Silver and Mourning Weddings

Reading time: 2 minutes

Topic: Reflexion

Author: Rafael

Date: 2023-06-09

Because Jehovah called you as a forsaken and sorrowful woman in spirit, and as a wife of youth who is rejected, said your God. Isaiah 54:6

It was a silver wedding anniversary. Twenty-five years of a blissful married life. A quarter of a century living together, united, bound by strong bonds of love, companionship, and faithfulness. Neil and Brenda Janson from Hayes, England, wanted to celebrate their silver wedding anniversary in the same chapel where they had gotten married twenty-five years ago, in front of the same clergyman and witnesses. But when Neil, the husband, repeated the Pastor's words and thus renewed his vows of eternal love, something happened that bewildered everyone. At that moment, he suffered a heart attack that ended his life. He died while holding his wife's hand. Friends and relatives dubbed the occasion "silver wedding and mourning."

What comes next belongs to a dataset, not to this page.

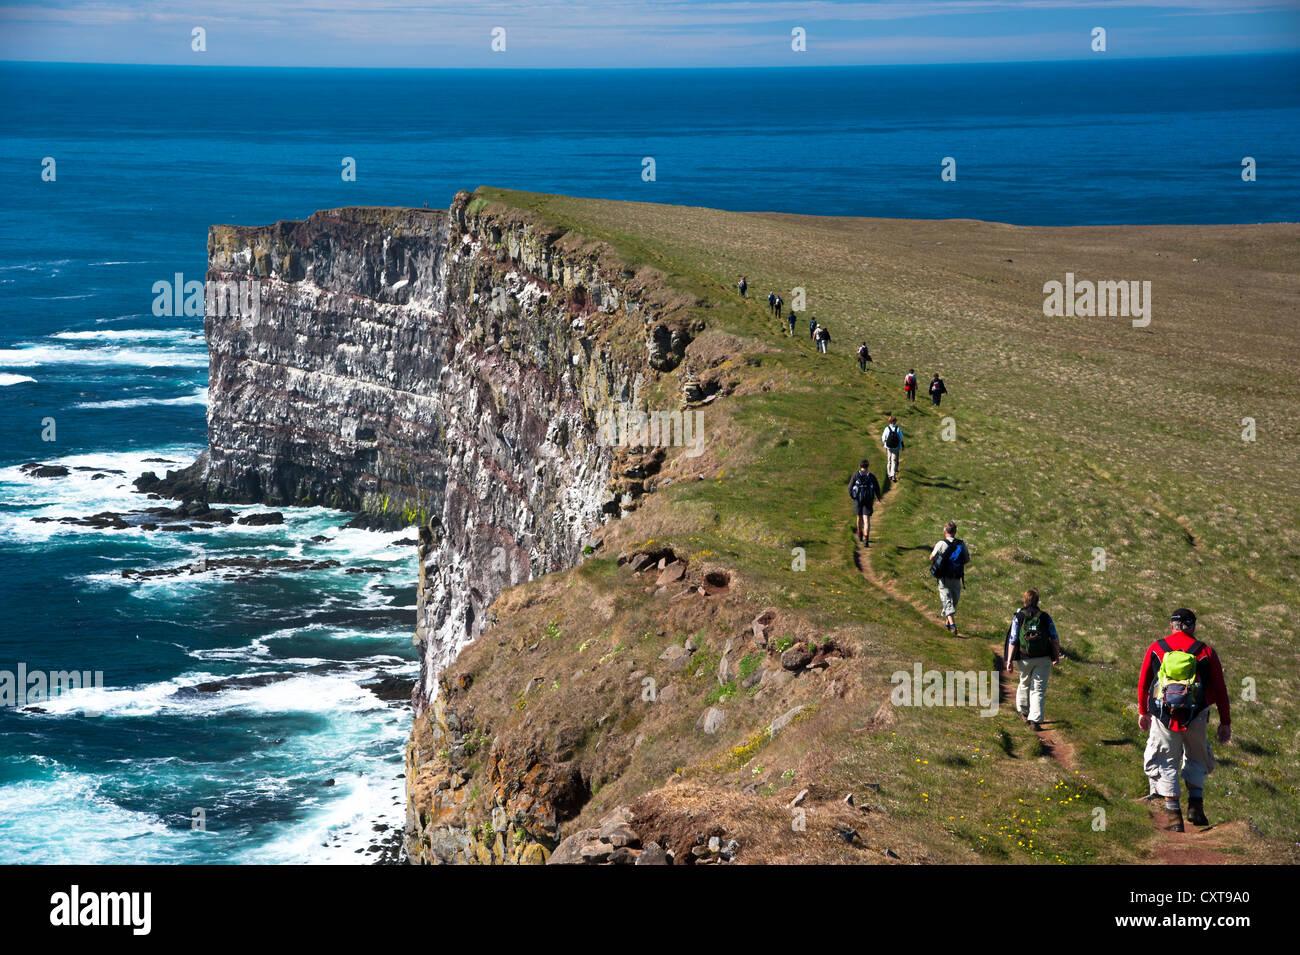 Trekking group on the bird cliffs of Látrabjarg, Westfjords, Iceland, Europe - Stock Image

One wonders: Why does a man still young have to die precisely on the day he celebrates twenty-five years of marriage? Twenty-five years of marriage lived in love, faithfulness, and companionship are a tremendous blessing, and to end one's life there, having enjoyed a happy marriage, is a failure in the sense that it is both a tragic event and an adverse outcome.

However, a thousand times more failure than a heart attack is the destruction of a home, regardless of the length of time it has endured. We consider it divine injustice that a marriage that was going well, with no fights and filled with peace, experienced a sudden forced separation. Nevertheless, that is not failure. Failure is not considering the sacredness of vows. Failure is lacking patience in marriage. Failure is being irreverent and disrespectful to one's spouse. Failure is cutting off communication and closing the door of the heart. Failure is being unfaithful, cheating on one's spouse, committing adultery, thus disregarding the vows of honor and mutual fidelity. That is failure.

The quality of our life is not determined by the years. Happiness, peace, and success in marriage are the result of mutual surrender, reciprocal submission, sacrifice, and love. These virtues do not respond to fleeting emotions but to a decision: to consider our vows sacred and to wholeheartedly love the person God has given us until death do us part.

With Christ in our lives and in our marriage, we can have that prize. Let us make Him our owner and Lord. He will not only give our marriage many years of endurance but also strong feelings of love.